Hubert stopped dead in the street, so that Sangfroid bumped into him almost bowling him over. He recovered himself and looked up to the stars pushing through the overcast sky above. They were small tinny specks. “How disappointing they look from here once you have travelled among them. You are so lucky Sangfroid, to be born when and where you were, in whatever timeline that was.”

“The stars may be mysterious to you, but your world is just as strange to me. I mean, these Urals where I’m supposed to come from. What are they?”

“Oh, just a wild, expansive place where nothing ever happens. But it sounds exotic enough to explain you away. I do think Millicent was quite clever there. And that brings me to my original question. I haven’t forgotten, you know. Mind like a steel trap.” Hubert went to tap his temple with a forefinger but poked himself in the eye instead. “What are your intentions towards my sister?” He drew up to his fullest, slightly lopsided, height.

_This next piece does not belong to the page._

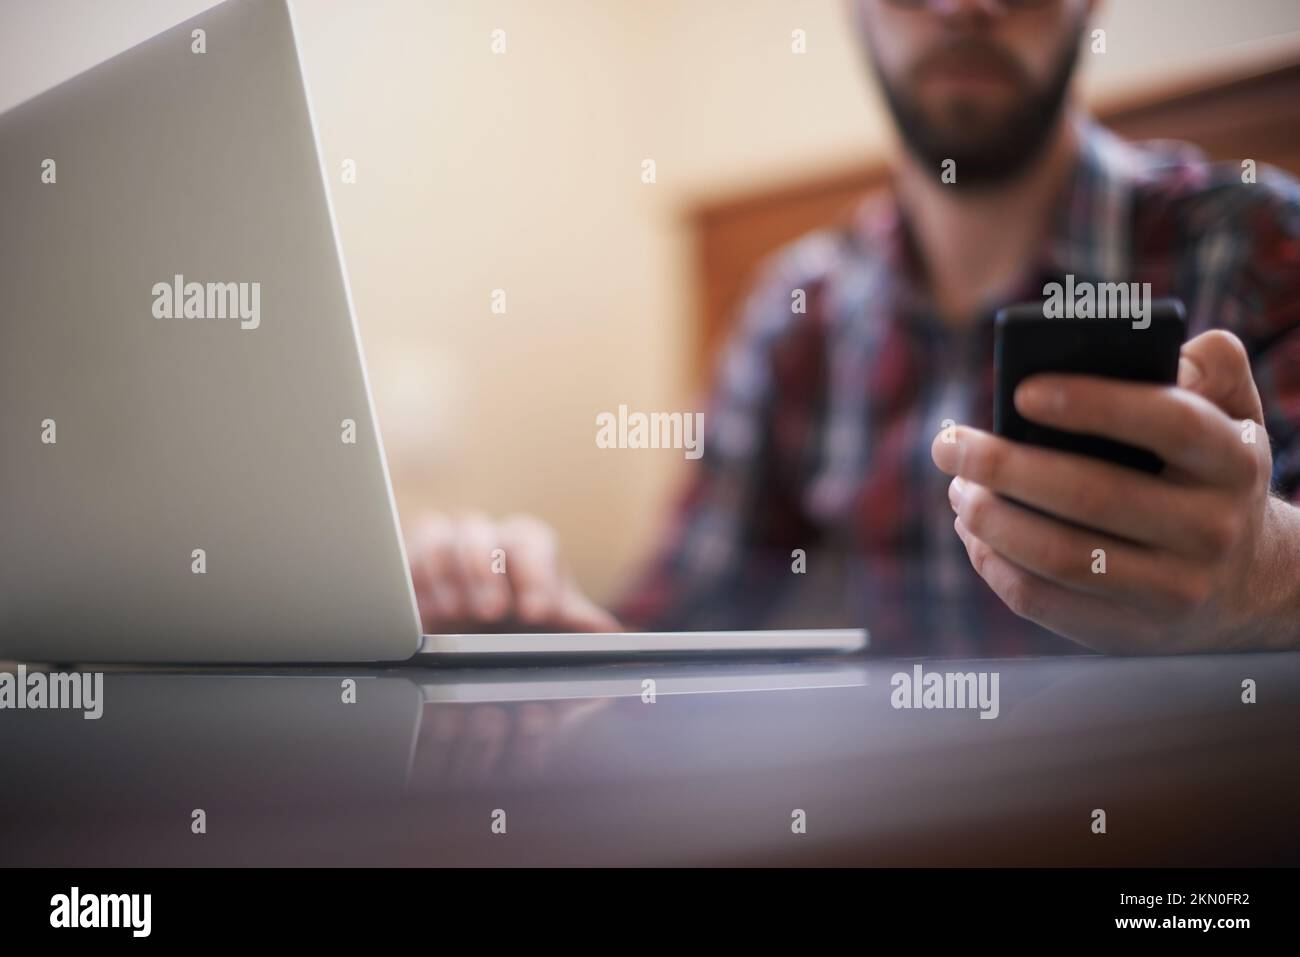 Hes connected in more ways than one. a man using a laptop and a cellphone. Stock Photo

“Is this your street?” Sangfroid easily steered the conversation to safer waters. She didn’t want to talk about her “intentions.” As far as she was concerned, she had none. She barely knew the woman who had landed her in this insane situation, even if her brother spoke with assurance of a possible connection. The idea of a future with Millicent left an unexpected bubble of warmth in the pit of her stomach, however. A bubble that expanded every time she saw Millicent or spoke to her or thought about her. It made her blood heat and her step lighter, but then again, that could just as easily be the brandy. Either way, she wasn’t prepared to think about it anymore than that. She loved Millicent, but it was her business. A business that scared her blind.

“So it is! This is my street!” Hubert said in wonder and wobbled around a corner, and Sangfroid followed. “Number five, I think.”

A row of hansom cabs lined up outside number five. The horses stirred impatiently in their traces, and the drivers huddled on the pavement smoking and talking with each other. Bemused by the gathering, Sangfroid and Hubert mounted the steps to number five Christie Mews. Before they reached the top step, the door was flung open and a fretful Edna greeted them. “Oh sir, am I glad to see you.”

“Why, whatever’s wrong, Edna?” Hubert dumped his overcoat into her waiting arms and weaved across the hall towards his laboratory. Sangfroid set her top hat on Edna’s head and gave her a wink that made her jump.

“It’s the ladies, sir. They won’t go home until they meet Miss Millicent’s gentleman again. All their carriages are waiting for them, but no one will be the first to leave. And Cook is fed up making tea and cake and has gone to bed.” She was close to tears.

“But the ladies have already met Major Sangfroid,” Hubert said, turning a little too sharply towards the parlour and almost unbalancing. The tintinnabulation of ladies voices could be heard from behind the great mahogany doors.

“More of ’em came afterwards, sir. Many more. They won’t go because the others have already met the major, and now the rest want to meet ’im, too.” Edna was wringing her hands.

“Don’t worry, Edna. We’ll sort it out.” Sangfroid felt sympathy for the girl though she couldn’t understand why she was in such a fret. It was only ladies after all. Nosy, little, spinstery ladies. She’d give them something to talk about!